Violence, sexe, chanvre et sida

En République démocratique du Congo (RDC), les enfants des rues sont au nombre de 60.000. Agés de 0 à 17 ans, la majorité ont été chassés par leurs familles qui les ont accusés de sorcellerie. D’autres se retrouvent dans la rue en raison du divorce de leurs parents qu’ils n’auraient pas supporté. Parfois, ils sont rejetés par leurs proches parce que ces derniers n’ont pas les moyens de les prendre en charge. Pour David, « les principaux problèmes auxquels ils sont confrontés sont le fait, déjà, qu’ils n’aient pas de toit pour se loger. » Beaucoup consomment du chanvre pour oublier leurs souffrances. Difficile de vivre dans la rue et de ne pas en consommer. « Moi-même j’en ai déjà pris. Les jeunes filles, elles, se prostituent pour survivre. Elles tombent parfois enceinte et sont contraintes d’accoucher dans la rue et d’y élever leur bébé. Le sida est aussi un fléau qui mène beaucoup d’entre eux au cimetière. »

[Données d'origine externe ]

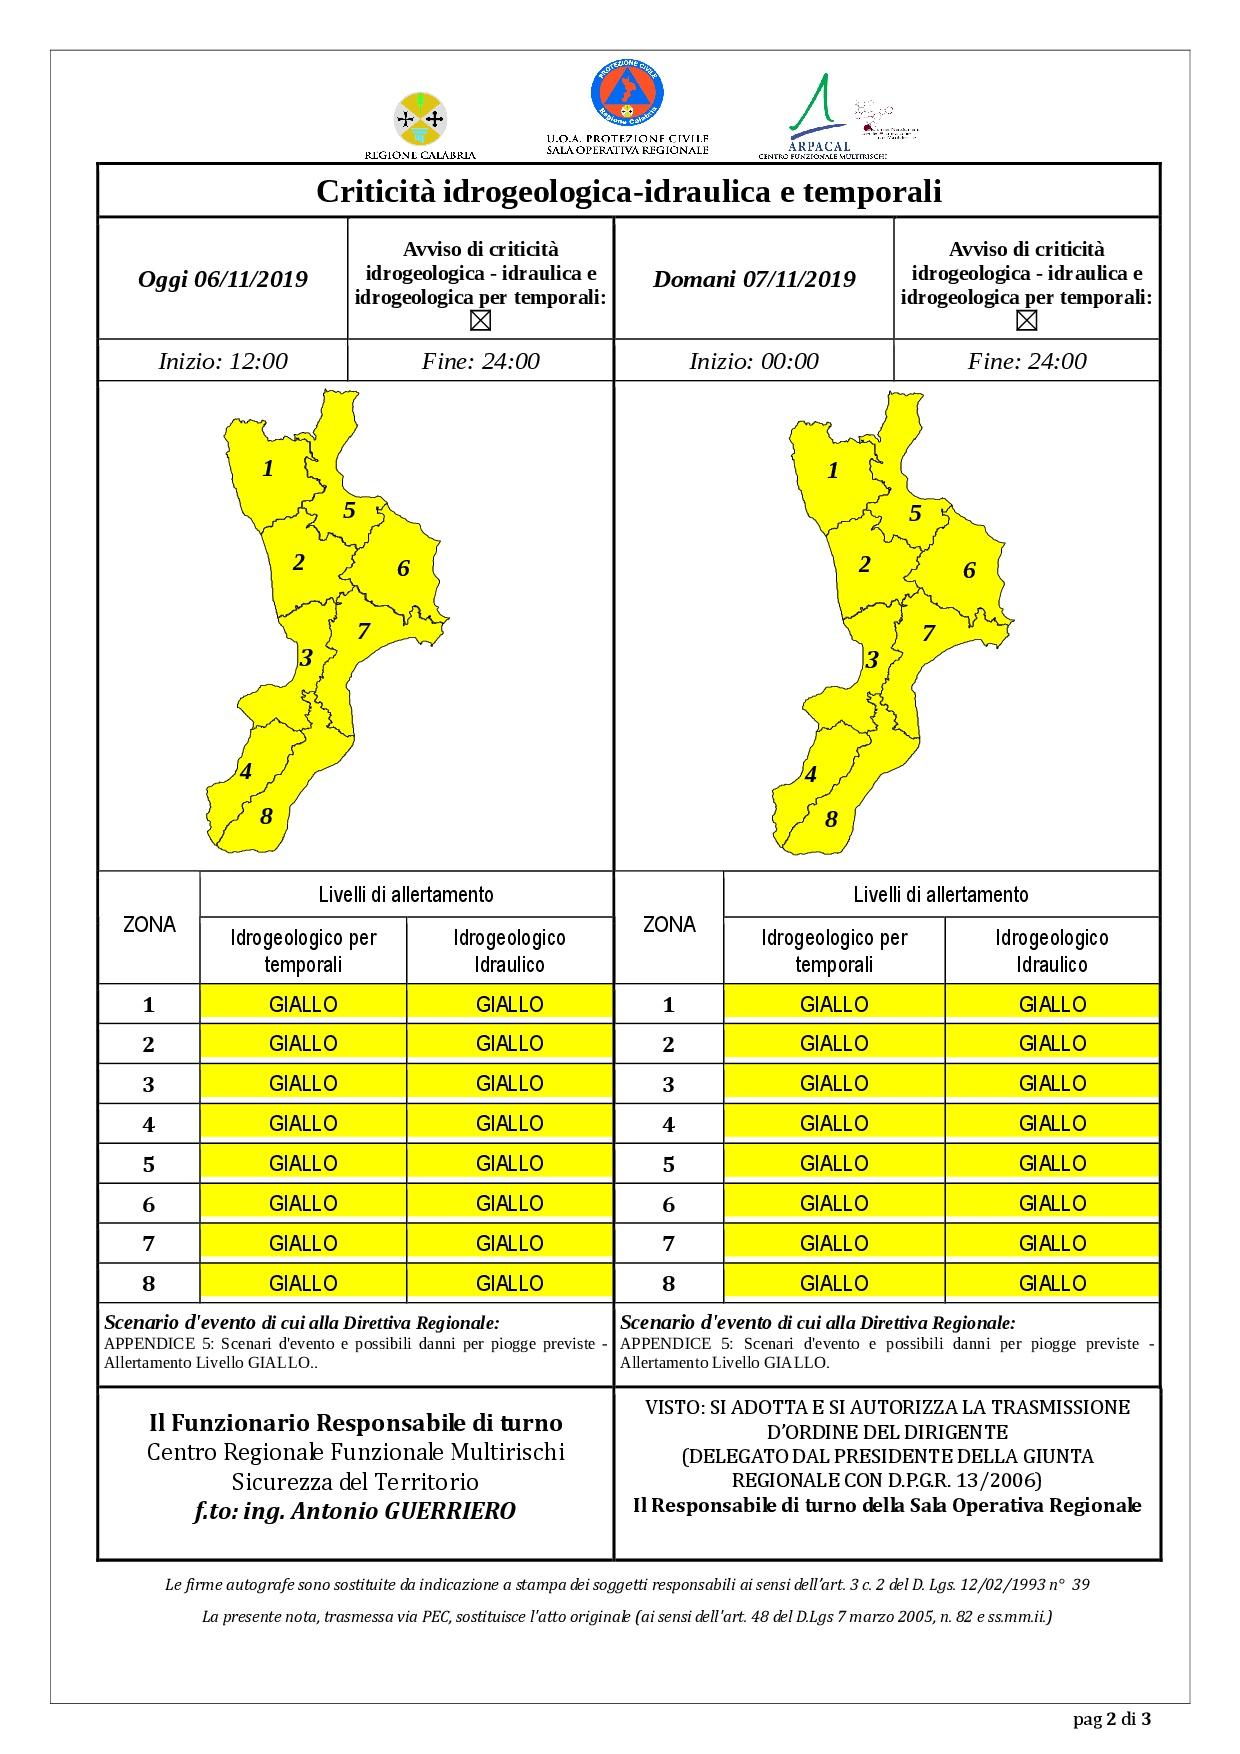 Criticità idrogeologica-idraulica e temporali in Calabria

Sans compter la violence. La rue aussi n’échappe pas à la loi du plus fort. Différents groupes de jeunes des rues munis de machettes se livrent régulièrement à des affrontements sans merci. « Ce sont des guerres de territoires, constate David. Chacun protège sa zone. Les enfants des rues dorment un peu la journée mais pas la nuit car c’est eux qui surveillent les parkings, les boites de nuits, pour se faire un peu d’argent. Il y a forcément des rivalités. » Là aussi, le jeune homme intervient régulièrement en médiateur auprès des leaders de ces groupes rivaux. « Je les résonne et tentent d’apaiser leurs esprits ». Des conflits qu’il résout la nuit. « Ils m’arrivent souvent de ne pas dormir pendant 24h00 d’affilé ! Mais en ayant pas d’endroit fixe ou dormir, je peux mener librement mes activités ».

David est fier de la vie qu’il mène. Même si elle lui demande beaucoup d’énergie. « Vous savez, de nos jours, on construit plus de maisons que de ponts ! Le capitalisme a pris le dessus malheureusement. Les gens se perdent là dedans. Ils perdent même leur identité », déplore-t-il. « Moi je n’ai peut-être pas de maison, mais je suis un homme comblé. Je vis chaque jour pleinement ma vie ! », conclut le héros des rues.